You may get the table heap structure by accessing the catalog using executor context. After getting the table heap, you may create a table iterator by using MakeIterator. You may retrieve the current tuple pointed by the iterator by calling TableIterator::GetTuple, and move to the next tuple by using prefix ++ operator. TableIterator::IsEnd indicates whether there are more tuples in the table heap.

You can get necessary information (i.e., table oid) from the query plan.

Testing

You can run the test cases using SQLLogicTest.

make -j8 sqllogictest
./bin/bustub-sqllogictest ../test/sql/vector.01-insert-scan.slt --verbose

The test cases do not do any correctness checks and you will need to compare with the below output by yourself. Note that we do not test index insertions for now, and you can validate if your implementation of index insertion is correct in later tasks.

Reference Test Result
<main>:1
SELECT ARRAY [1.0, 1.0, 1.0] <-> ARRAY [-1.0, -1.0, -1.0] as distance;
----
3.464102	

<main>:4
SELECT ARRAY [1.0, 1.0, 1.0] <=> ARRAY [-1.0, -1.0, -1.0] as distance;
----
2.000000	

<main>:7
SELECT inner_product(ARRAY [1.0, 1.0, 1.0], ARRAY [-1.0, -1.0, -1.0]) as distance;
----
3.000000	

<main>:10
CREATE TABLE t1(v1 VECTOR(3), v2 integer);
----
Table created with id = 24	

<main>:13
INSERT INTO t1 VALUES (ARRAY [1.0, 1.0, 1.0], 1), (ARRAY [2.0, 1.0, 1.0], 2), (ARRAY [3.0, 1.0, 1.0], 3), (ARRAY [4.0, 1.0, 1.0], 4);
----
0	

<main>:16
SELECT * FROM t1;
----
[1,1,1]	1	
[2,1,1]	2	
[3,1,1]	3	
[4,1,1]	4	

<main>:19
SELECT v1, ARRAY [1.0, 1.0, 1.0] <-> v1 as distance FROM t1;
----
[1,1,1]	0.000000	
[2,1,1]	1.000000	
[3,1,1]	2.000000	
[4,1,1]	3.000000	

<main>:22
SELECT v1, ARRAY [1.0, 1.0, 1.0] <=> v1 as distance FROM t1;
----
[1,1,1]	0.000000	
[2,1,1]	0.057191	
[3,1,1]	0.129612	
[4,1,1]	0.183503	

<main>:25
SELECT v1, inner_product(ARRAY [1.0, 1.0, 1.0], v1) as distance FROM t1;
----
[1,1,1]	-3.000000	
[2,1,1]	-4.000000	
[3,1,1]	-5.000000	
[4,1,1]	-6.000000	

Bonus Tasks

At this point, you should have implemented the basic read and write flows when a user requests to store some data in the system. You may choose to complete the below bonus tasks to challenge yourself.

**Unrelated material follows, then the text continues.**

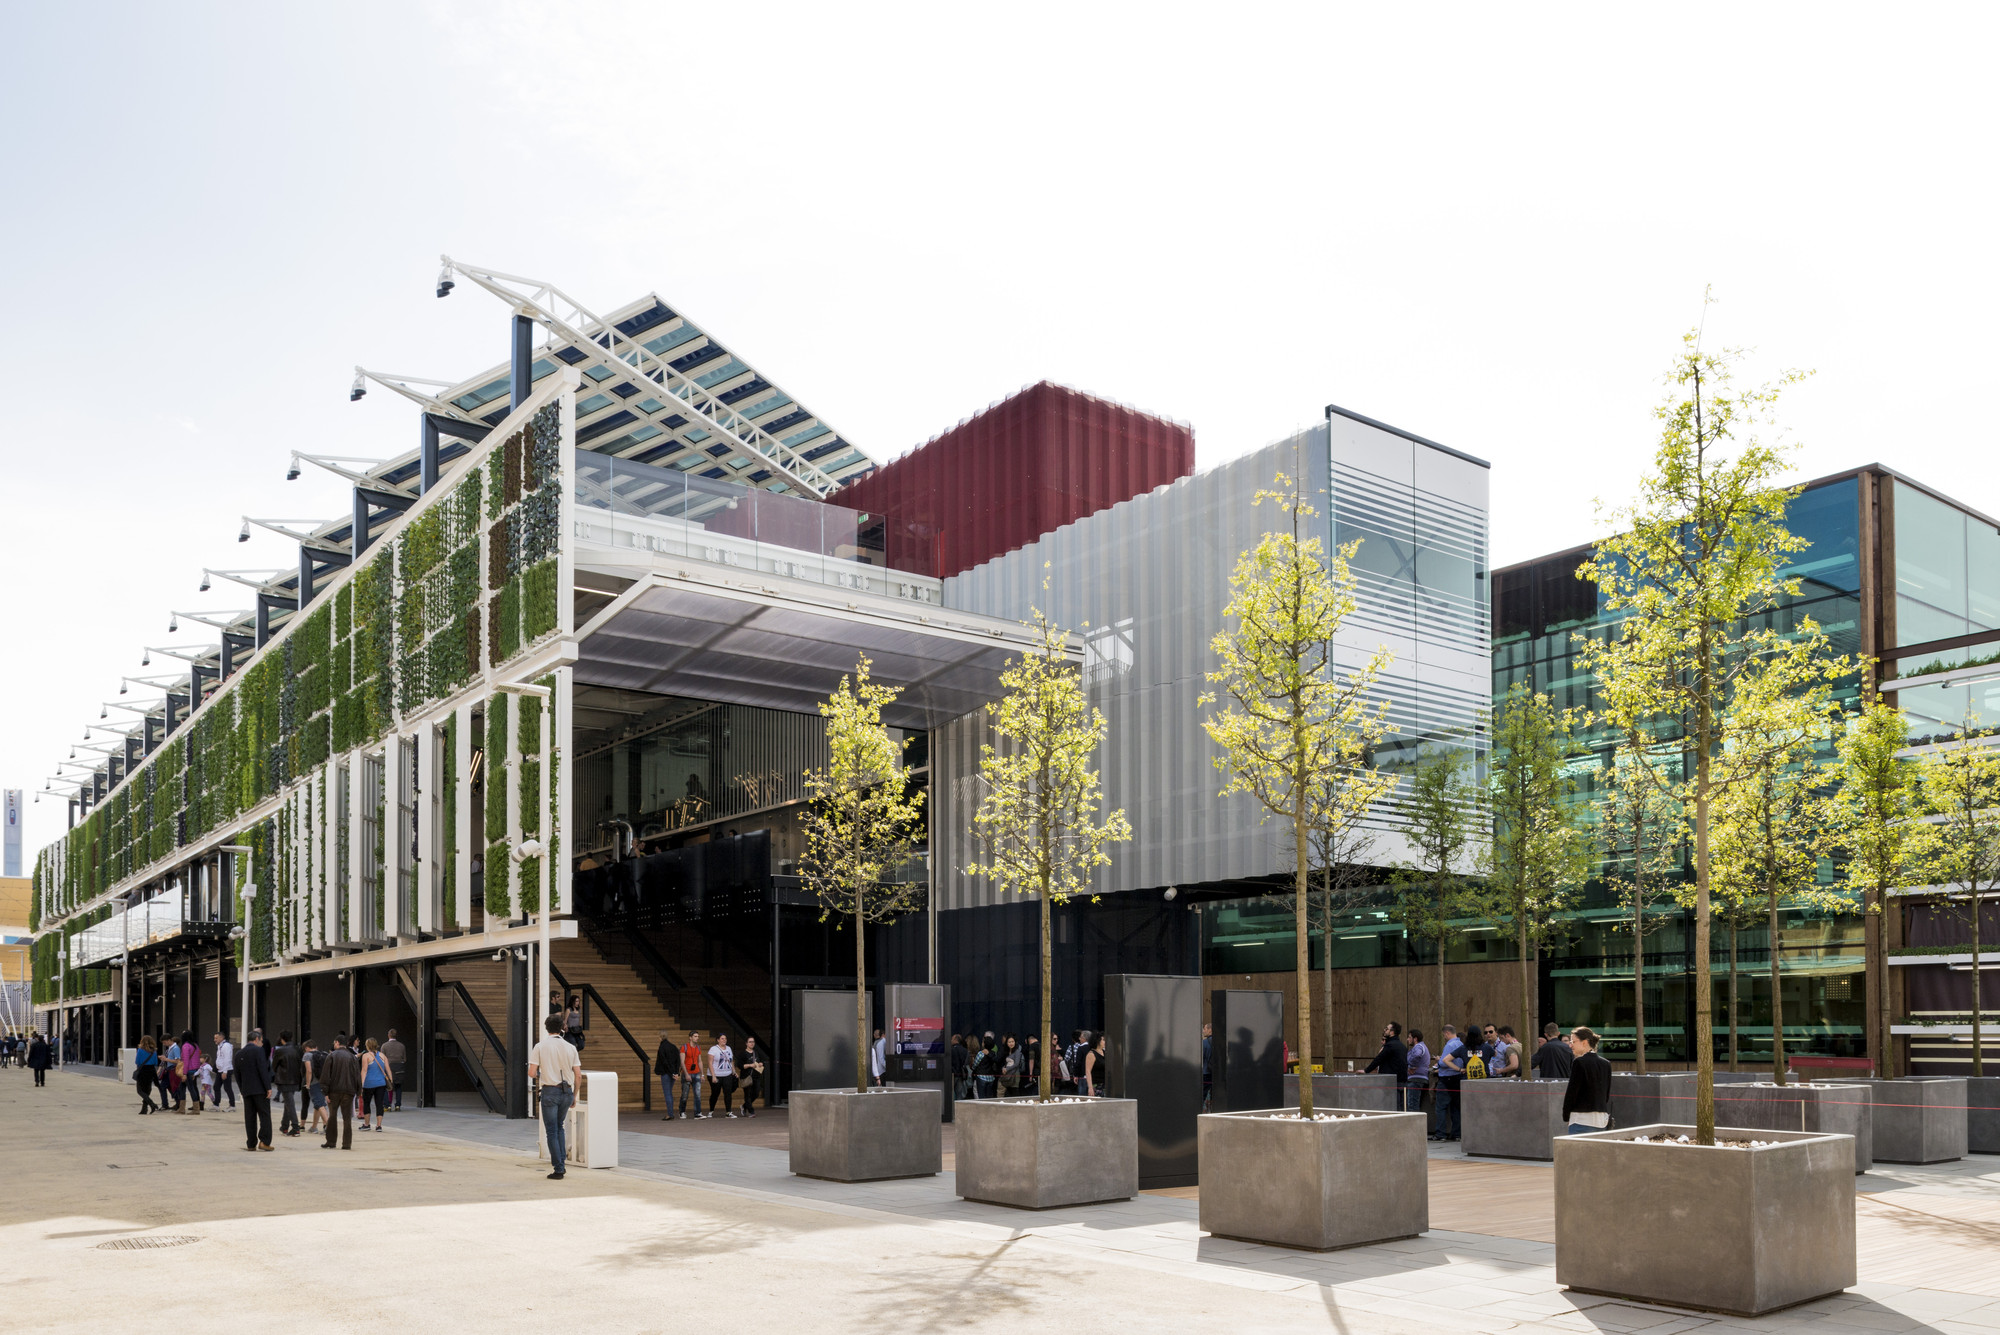 Pavilion Estados Unidos Milan Expo 2015

Implement the Buffer Pool Manager

We already provide you a mock buffer pool manager and a table heap so that you do not need to interact with the disk and persist data to the disk. You can implement a real buffer pool manager based on project 1 of 15-445/645. Remember to revert both the buffer pool manager change and the table heap change before starting implementing the project, otherwise there will be memory leaks and deadlock issues.

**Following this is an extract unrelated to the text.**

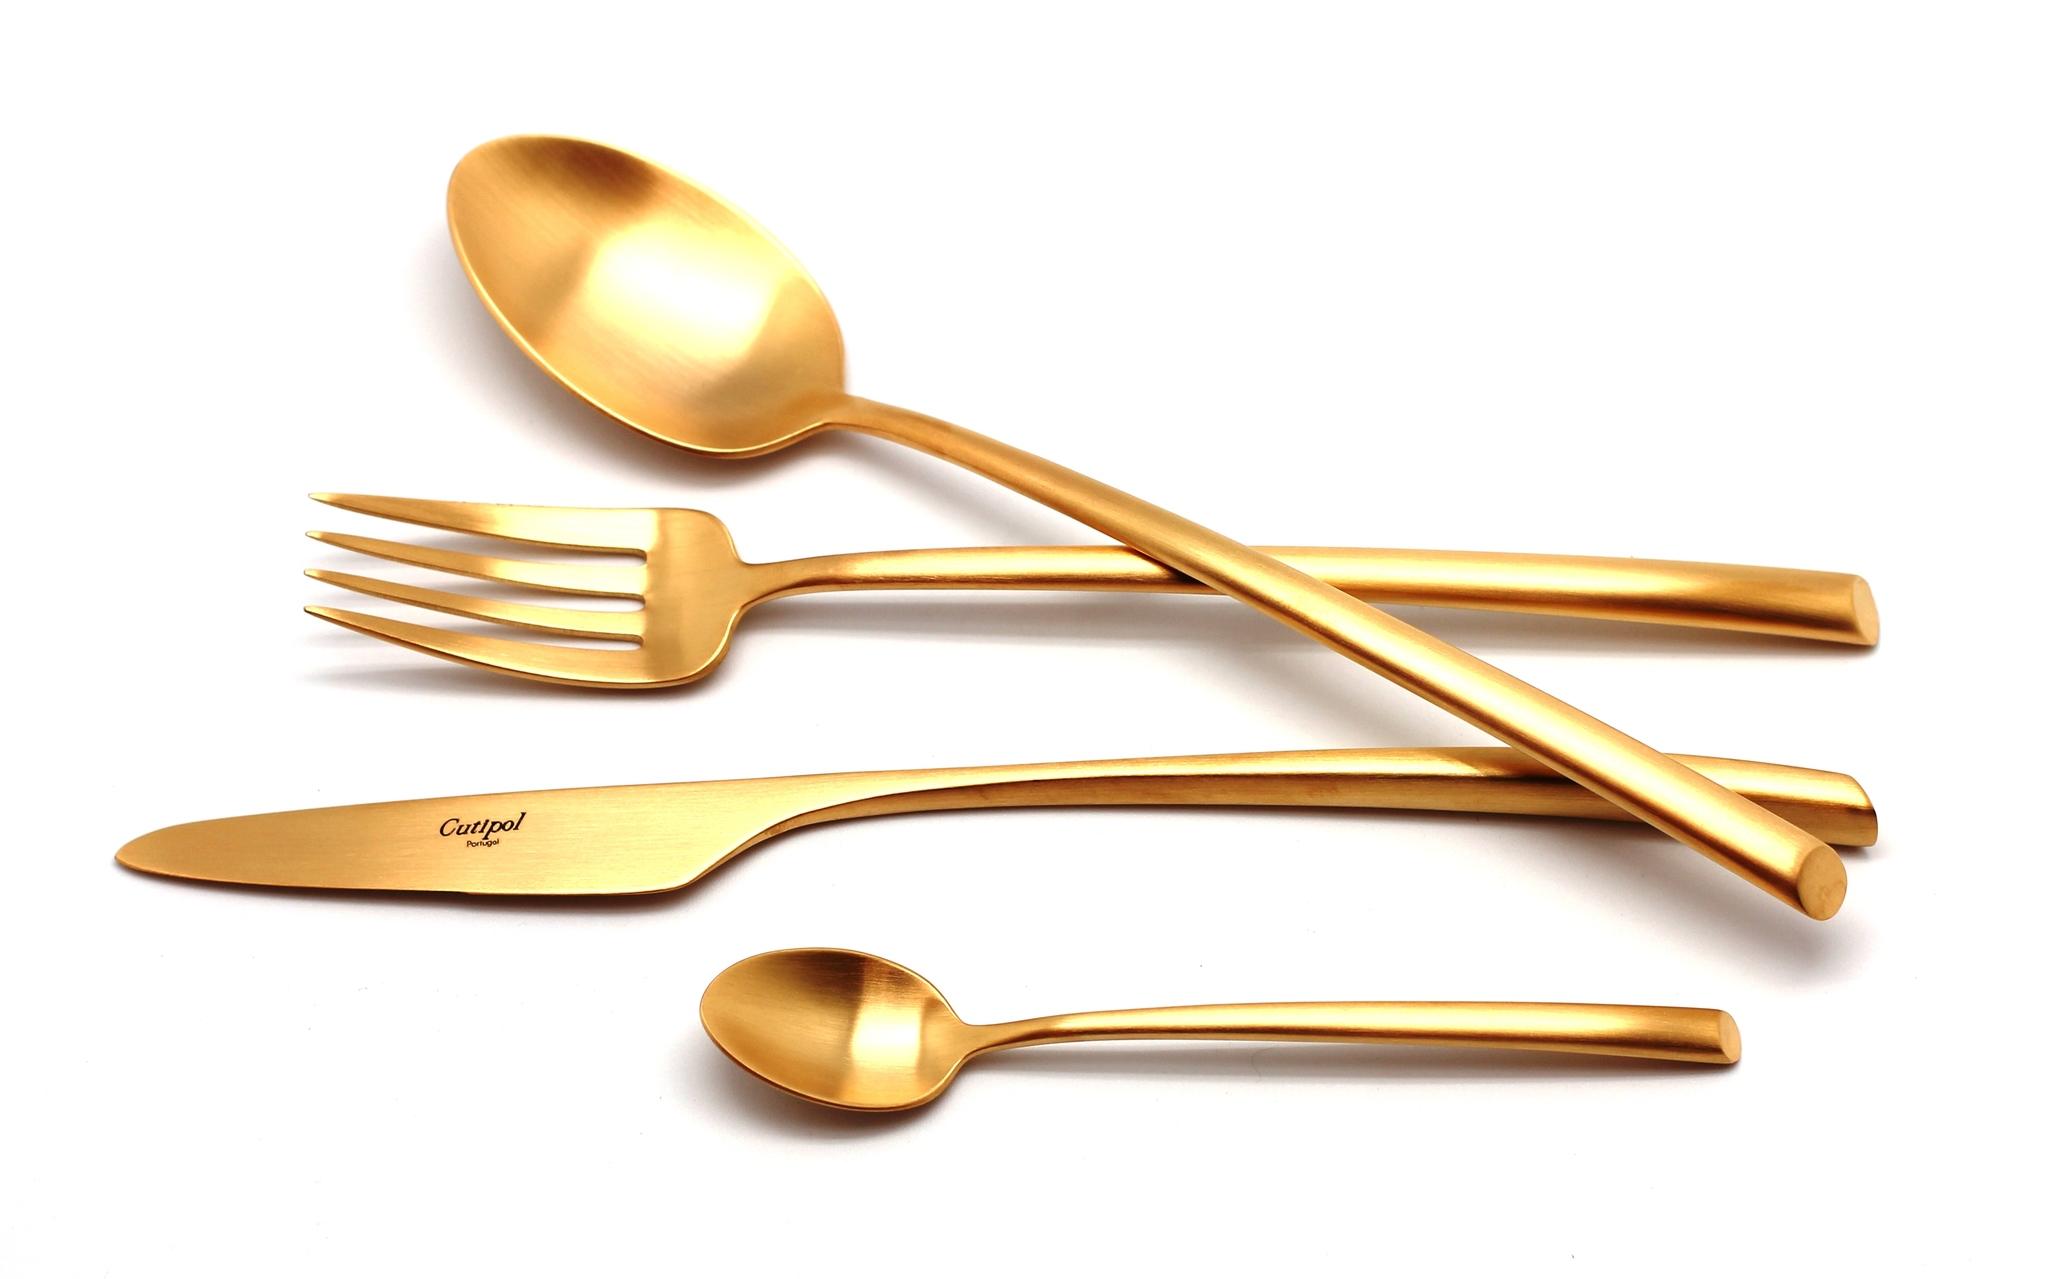 Набор 72 пр MEZZO GOLD, артикул 9302-72, производитель - Cutipol

Implement Delete and Update

You may implement the delete and update executor to update the data in the table heap and the vector indexes. When you delete or update an entry, BusTub does not actually remove the data from the table heap. Instead, it sets the deletion marker. Therefore, you can use the UpdateTupleMeta function when deleting a record, and convert update to a deletion followed by an insertion. Also remember to update the vector indexes if you implement these two executors. You might need to add new member functions to VectorIndex class to remove data from vector indexes.

Insert Validation

It is possible that a user might insert a vector of dimension 3 or 5 to a VECTOR(4) column. In insertion executor, you may do some validations to ensure the received tuples are of the correct schema.

Again, please keep your implementation in this section private and do not put them in a public repo, especially if you want to approach the bonus tasks, because they overlap with the CMU-DB's Database Systems course projects.